> **Requirement**
With pictures omitted, restate the data word for word.

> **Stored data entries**
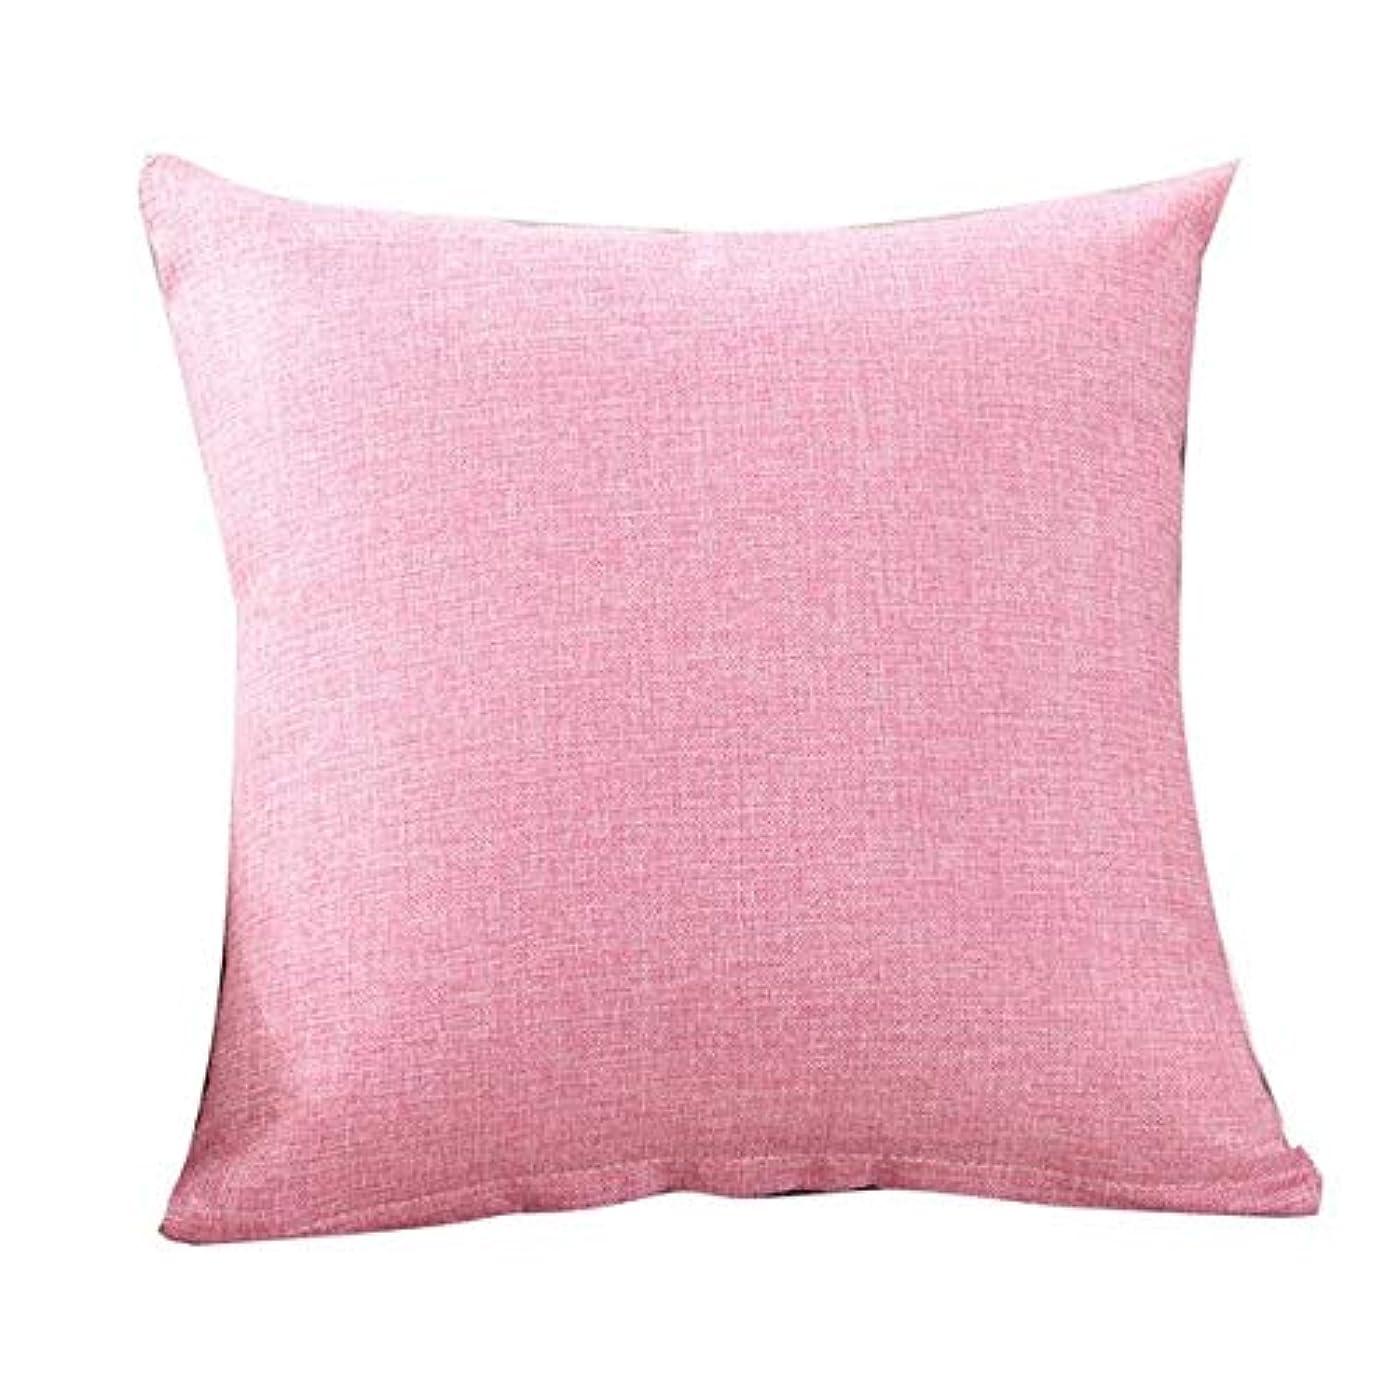 会話パテおとうさんLIFE クリエイティブシンプルなファッションスロー枕クッションカフェソファクッションのホームインテリア z0403# G20 クッション 椅子
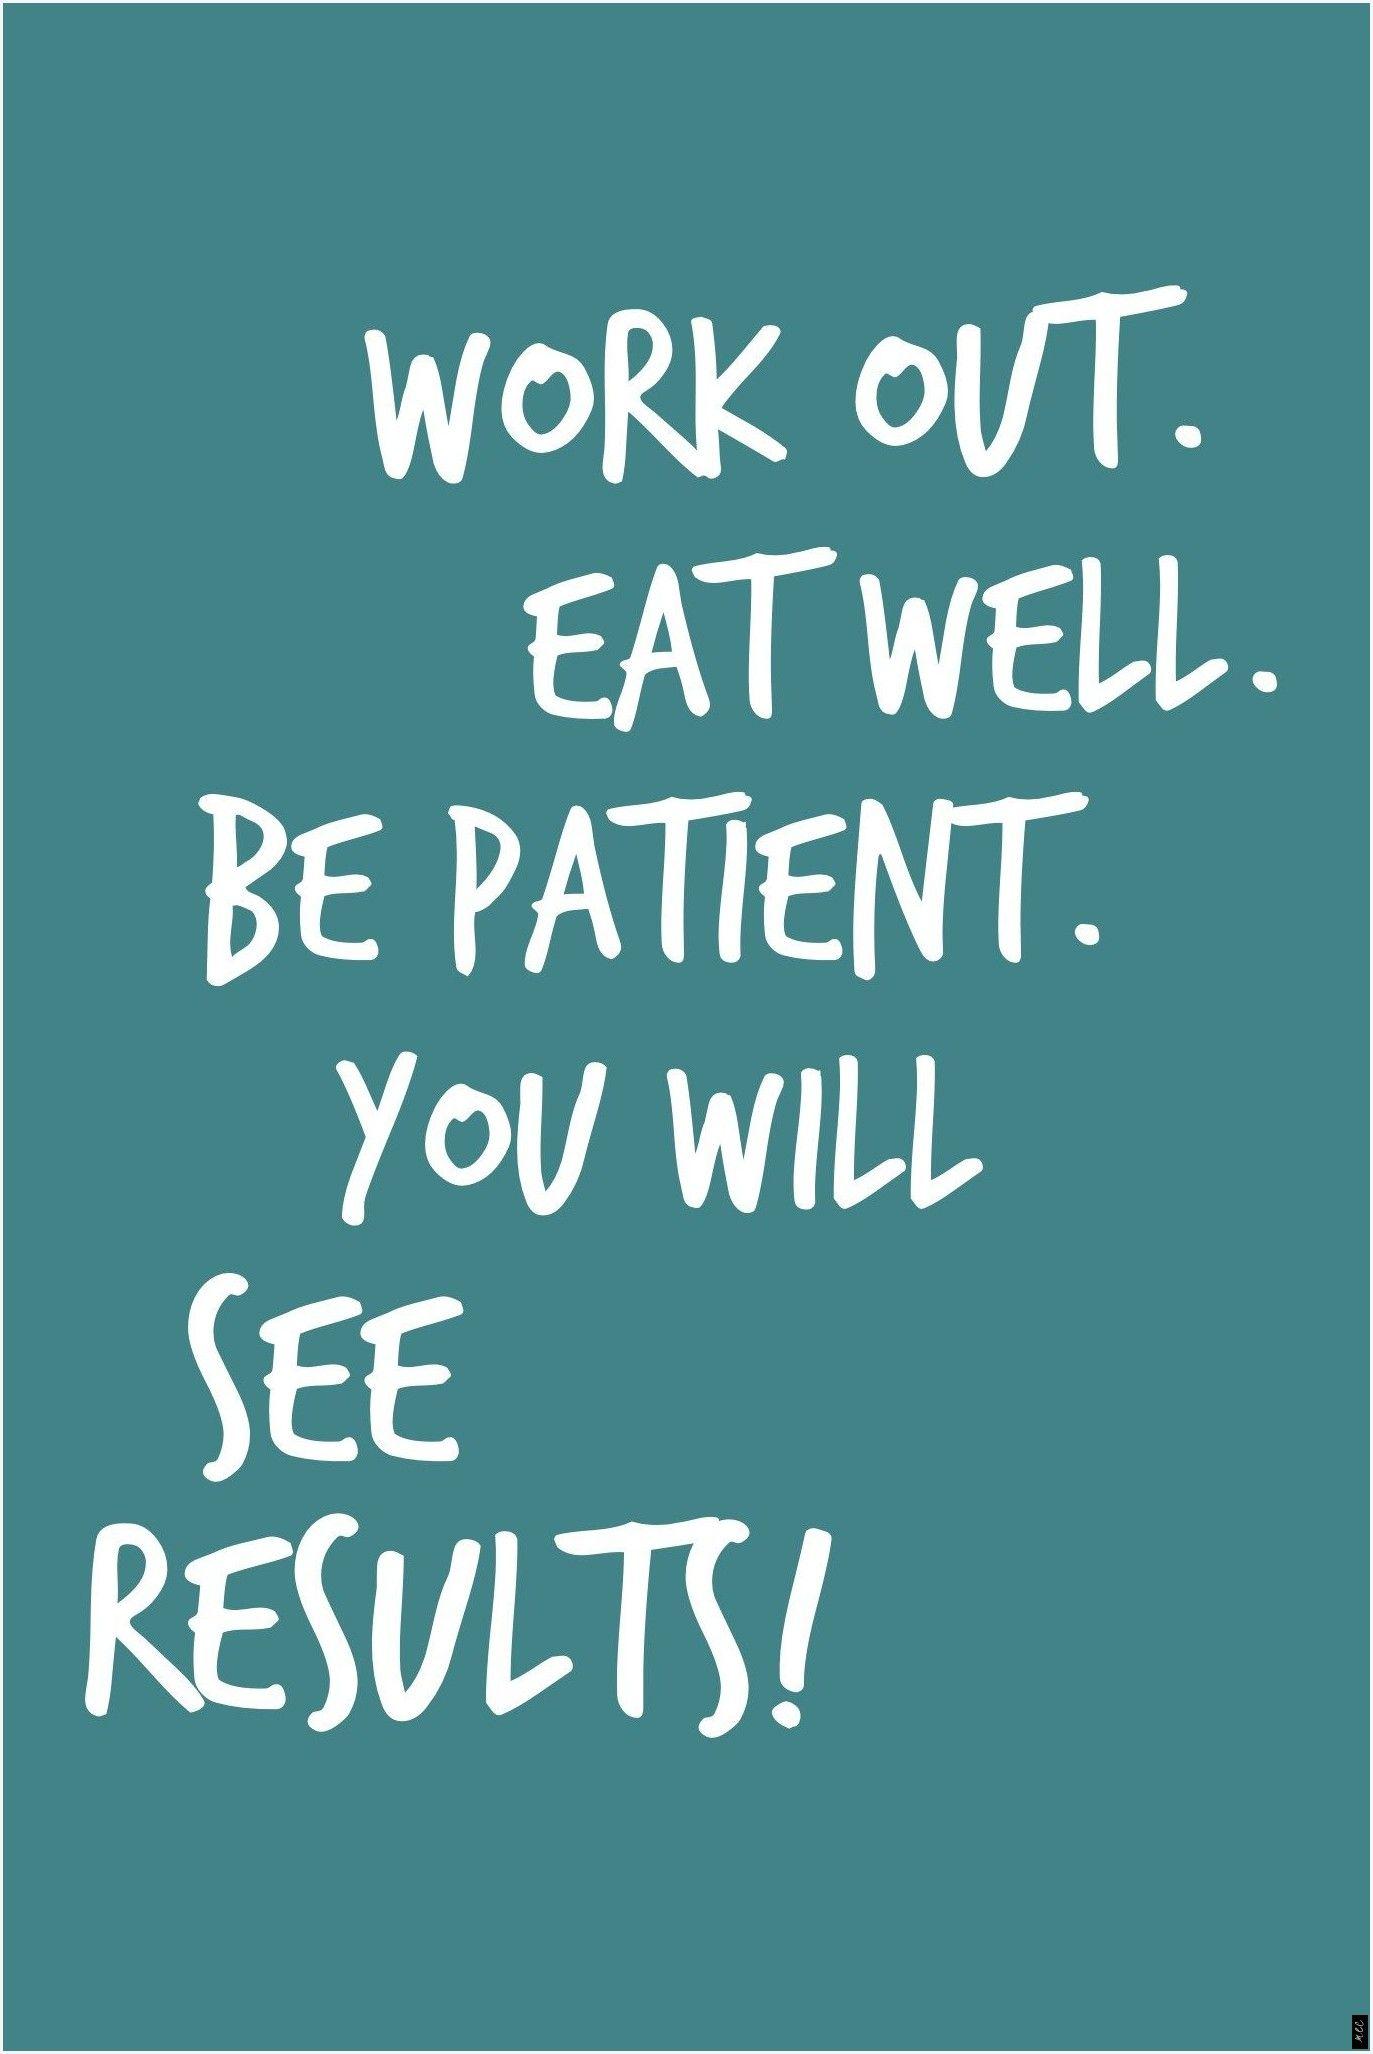 encourageant à perdre du poids
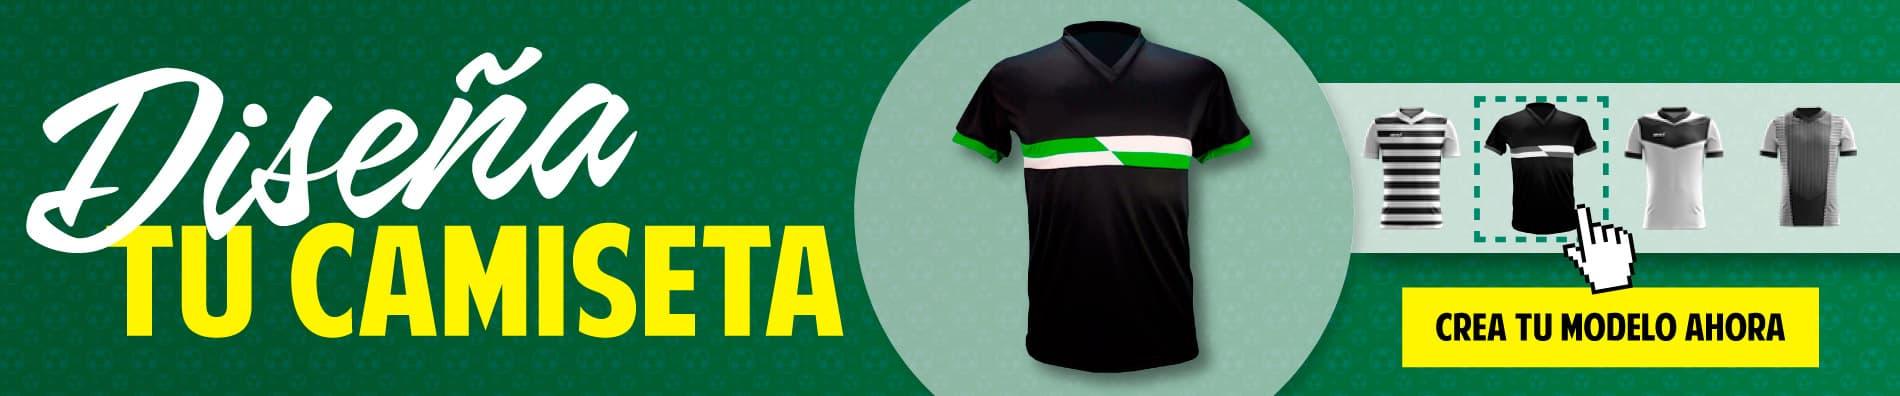 ce718f906 ... fábrica de indumentaria deportiva personalizada y asi poder hacer el diseño  de tus camisetas. Esperamos que te contactes muy pronto podamos fabricar  las ...
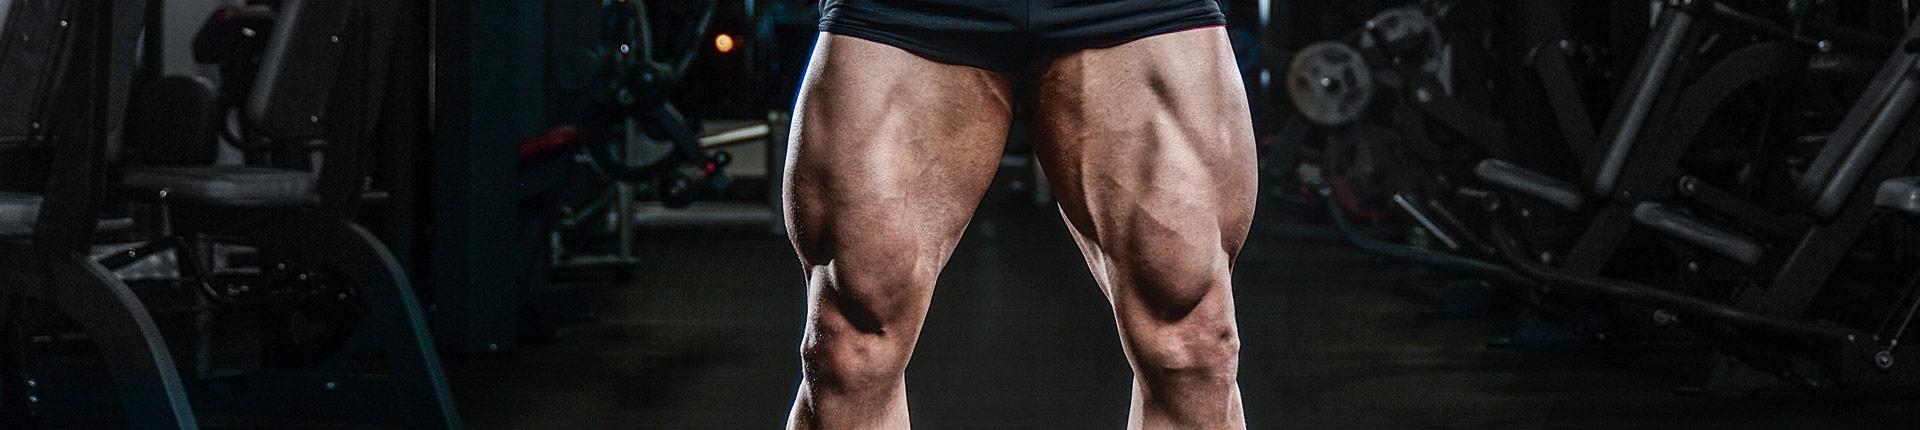 Równowaga mięśni nóg, dlaczego jest ważna?
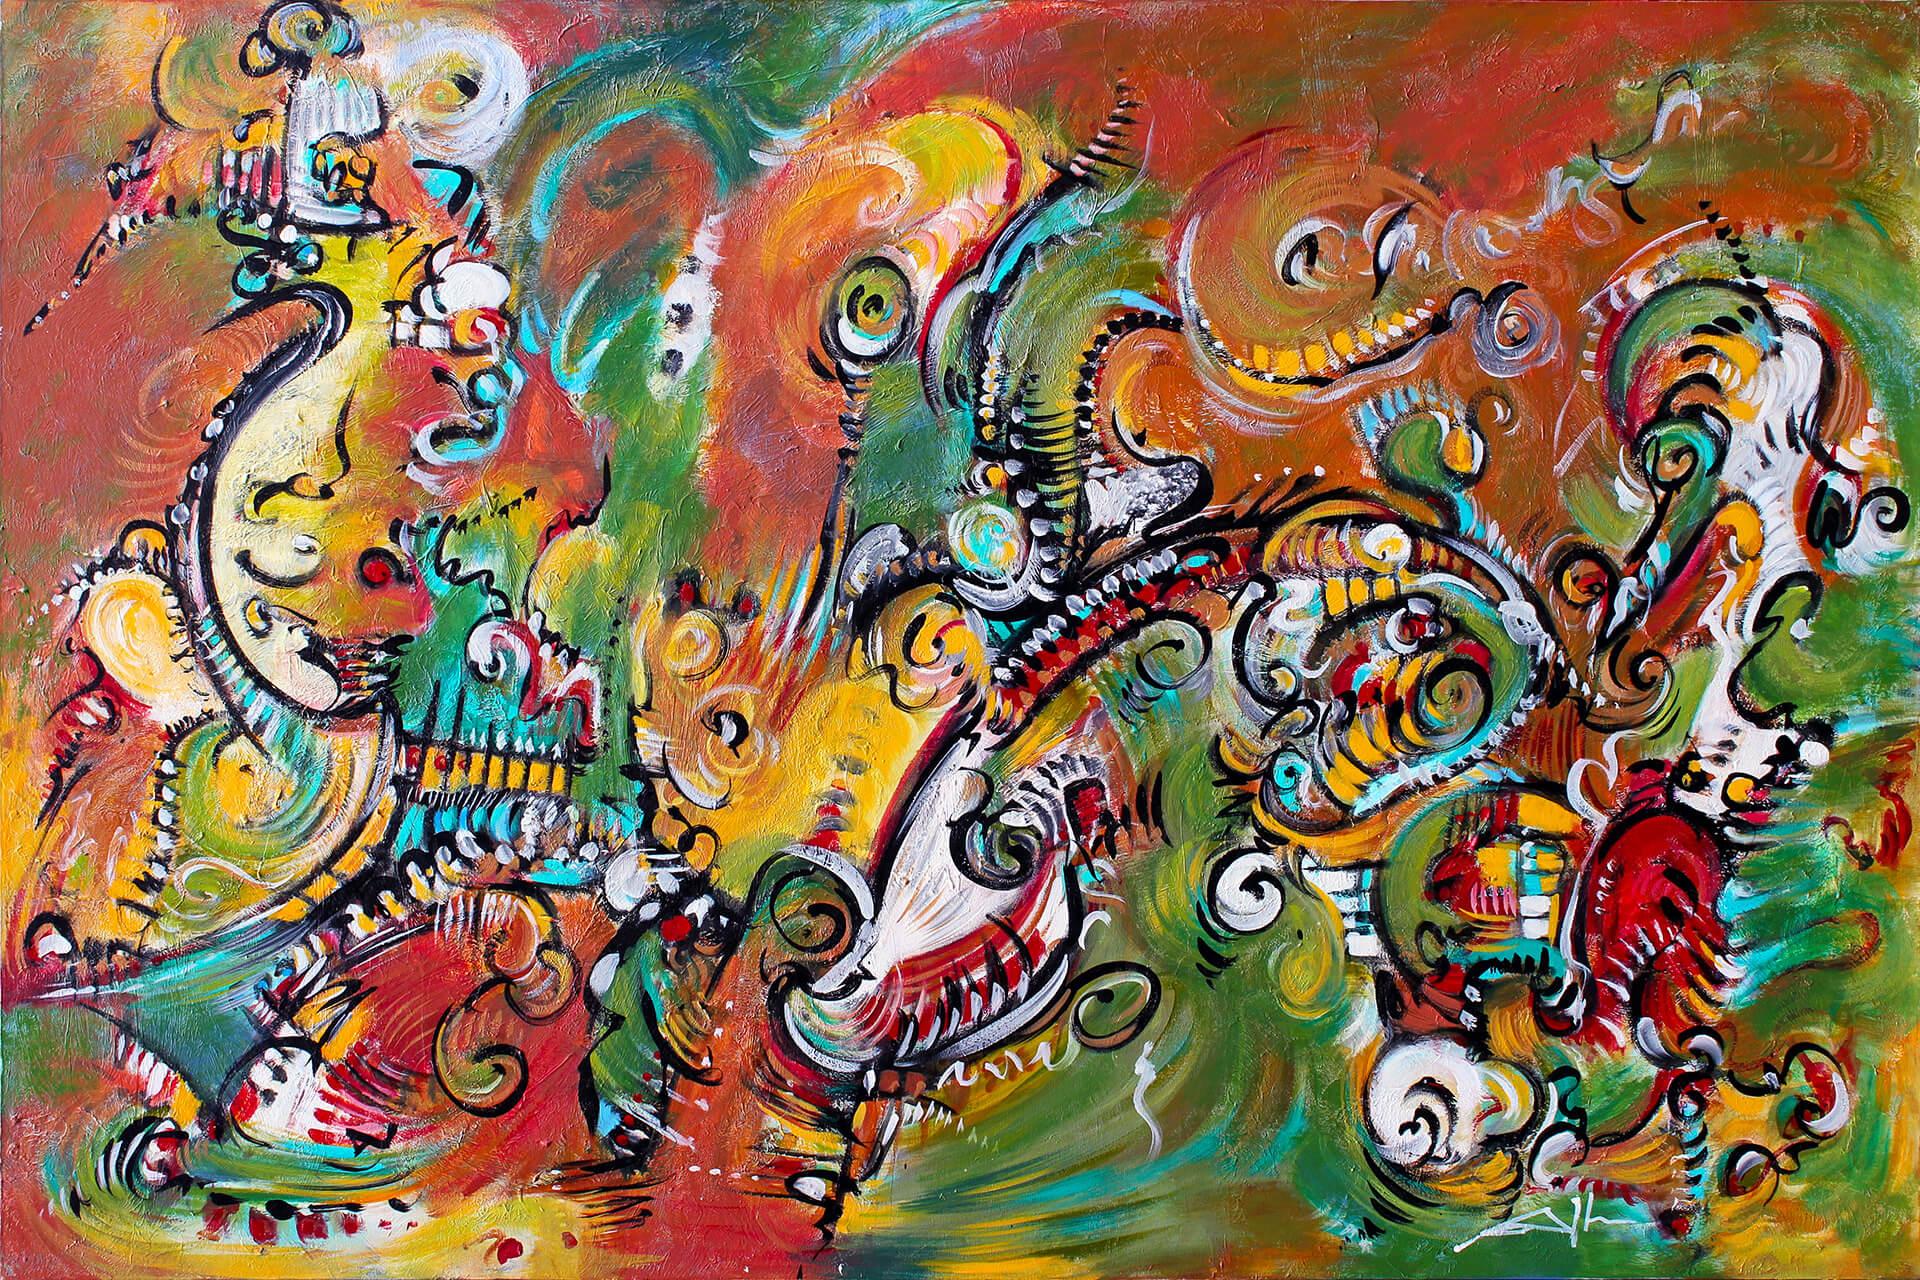 art-eric-j-hughes-artiste-peintre-canadien-tableau-delirium-esprit-errant

> **Problem solution**
 会話パテおとうさんLIFE クリエイティブシンプルなファッションスロー枕クッションカフェソファクッションのホームインテリア z0403# G20 クッション 椅子
 encourageant à perdre du poids
 ce718f906 ... fábrica de indumentaria deportiva personalizada y asi poder hacer el diseño  de tus camisetas. Esperamos que te contactes muy pronto podamos fabricar  las ...
 Równowaga mięśni nóg, dlaczego jest ważna?
 art-eric-j-hughes-artiste-peintre-canadien-tableau-delirium-esprit-errant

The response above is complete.